§ **The problem**
Down to the last line, print the data that follows exactly, without its pictures.
==== Supplied information ====
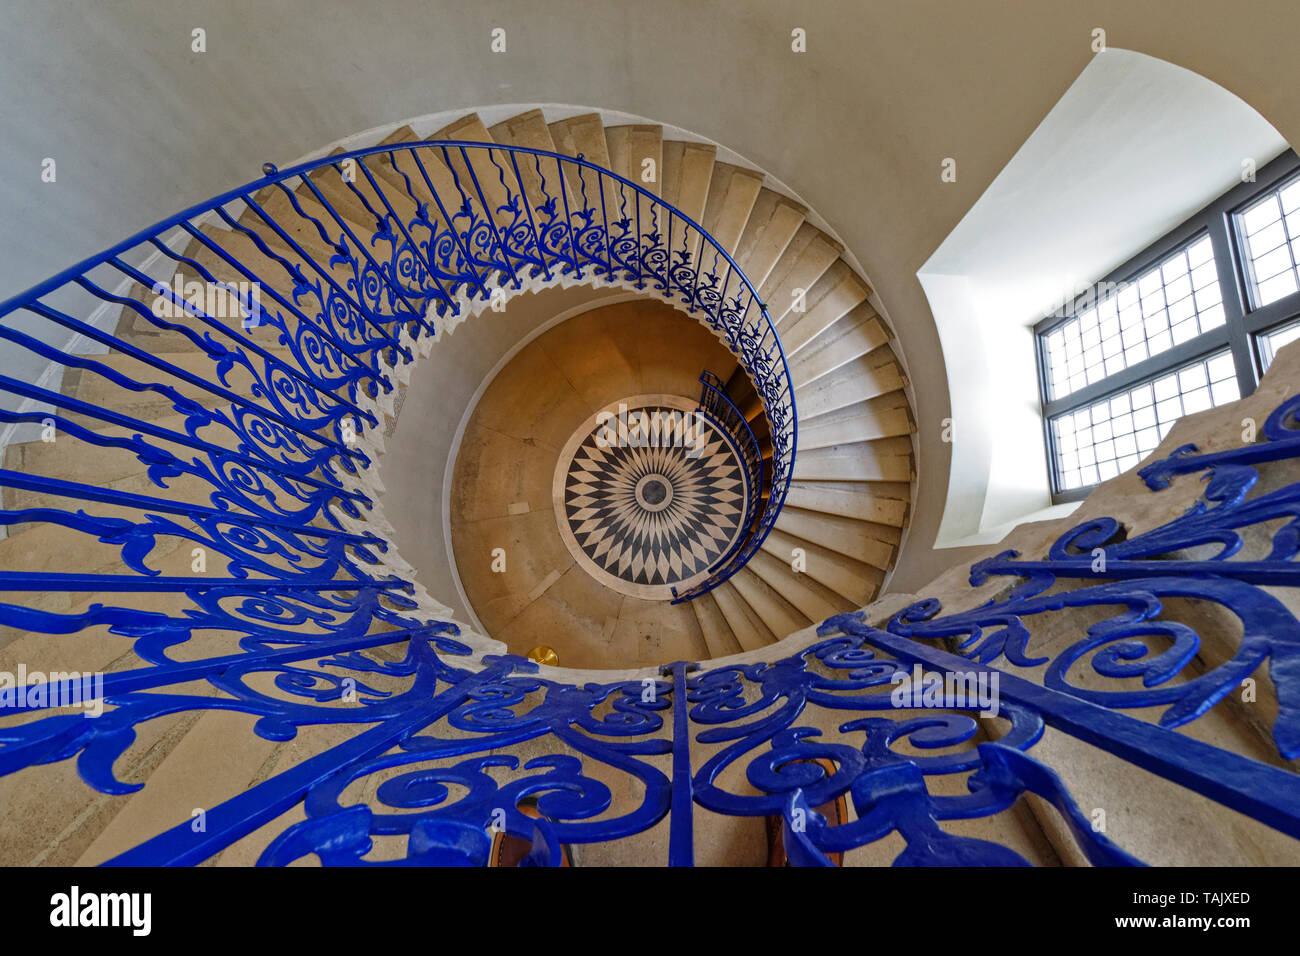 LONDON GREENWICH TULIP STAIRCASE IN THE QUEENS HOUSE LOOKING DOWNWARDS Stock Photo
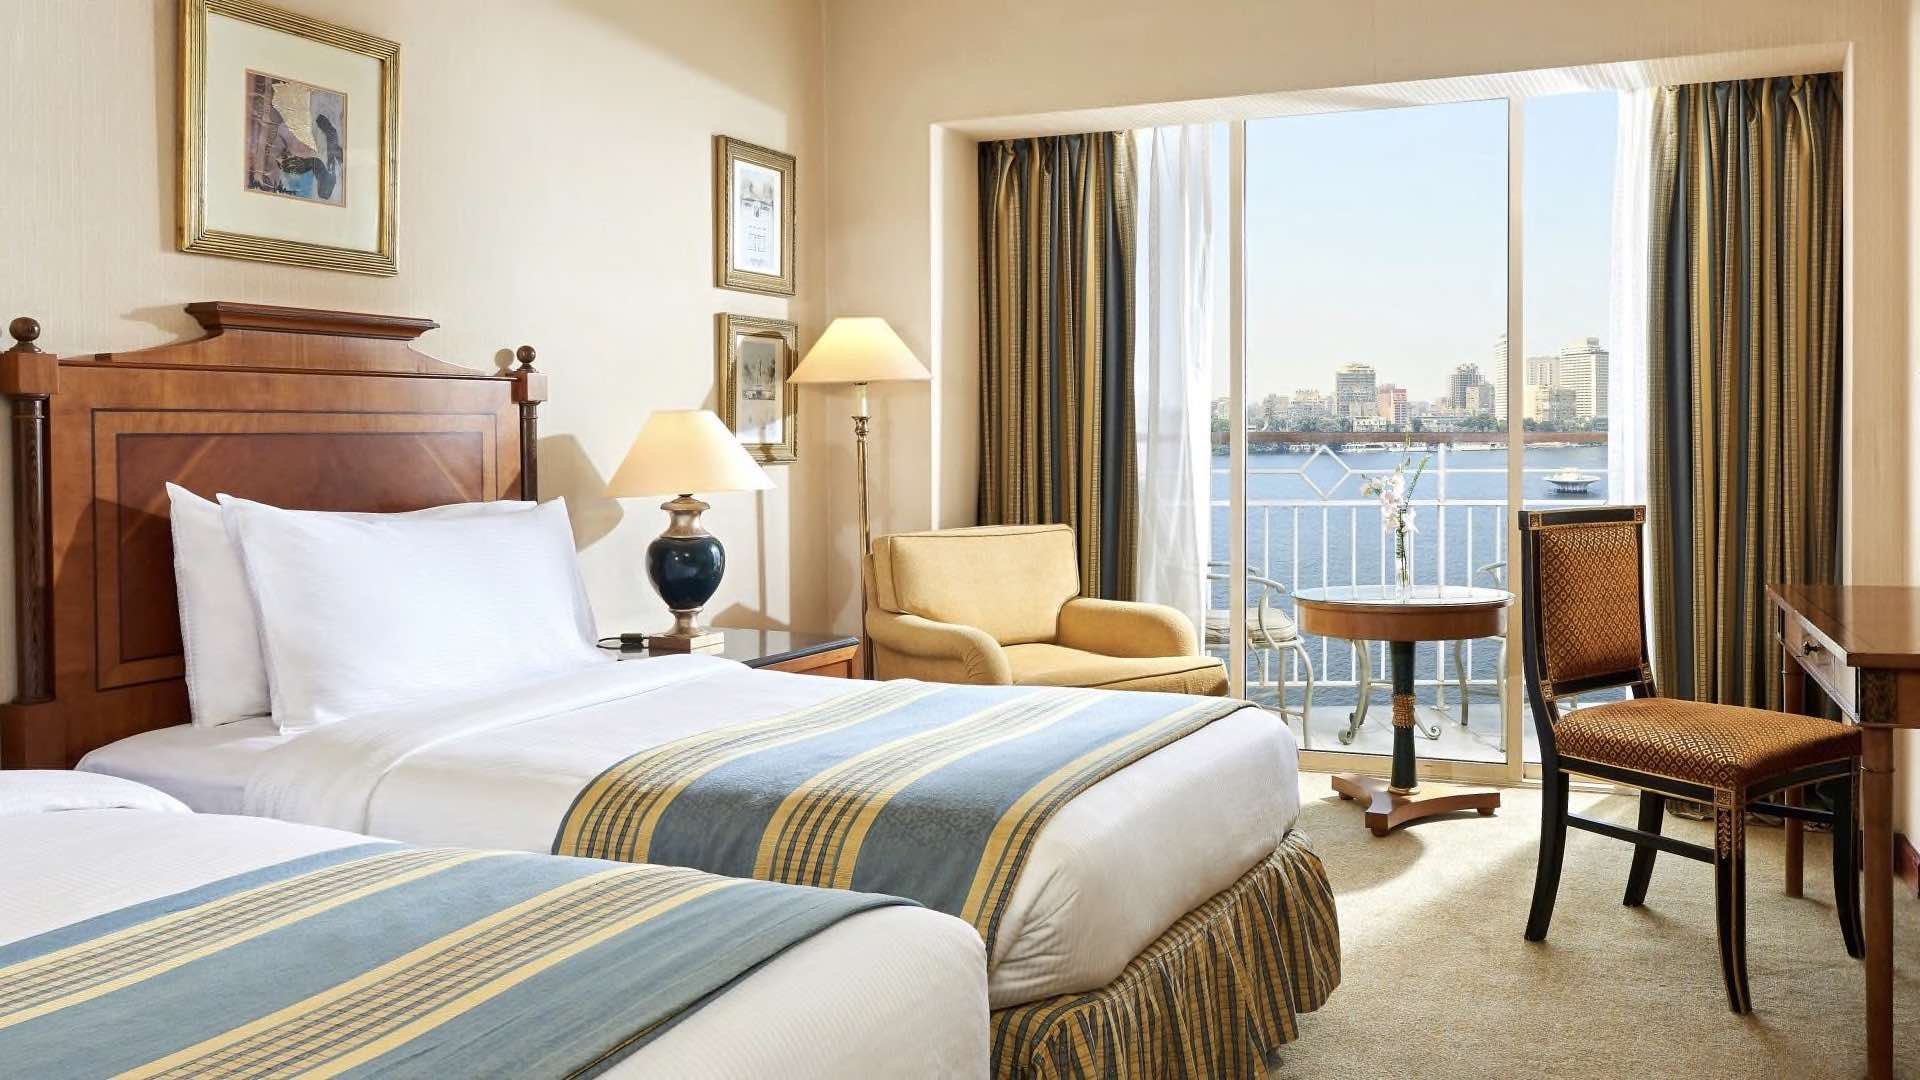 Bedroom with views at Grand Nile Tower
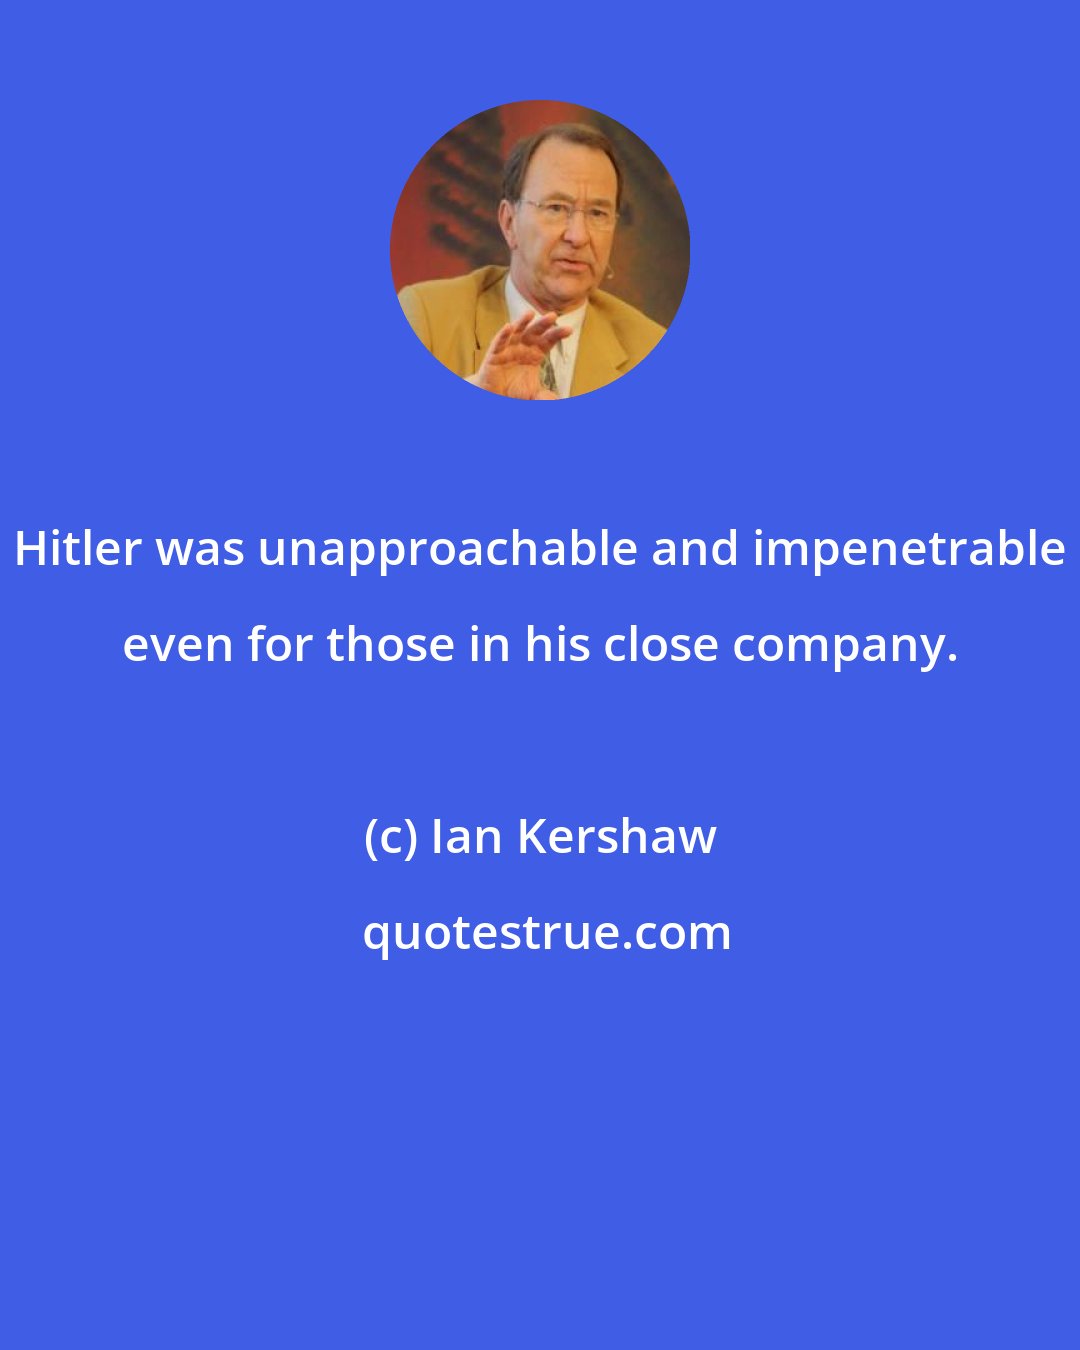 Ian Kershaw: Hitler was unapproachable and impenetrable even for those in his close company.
====
§ **Answer to the exercise**
 LONDON GREENWICH TULIP STAIRCASE IN THE QUEENS HOUSE LOOKING DOWNWARDS Stock Photo
 Bedroom with views at Grand Nile Tower
 Ian Kershaw: Hitler was unapproachable and impenetrable even for those in his close company.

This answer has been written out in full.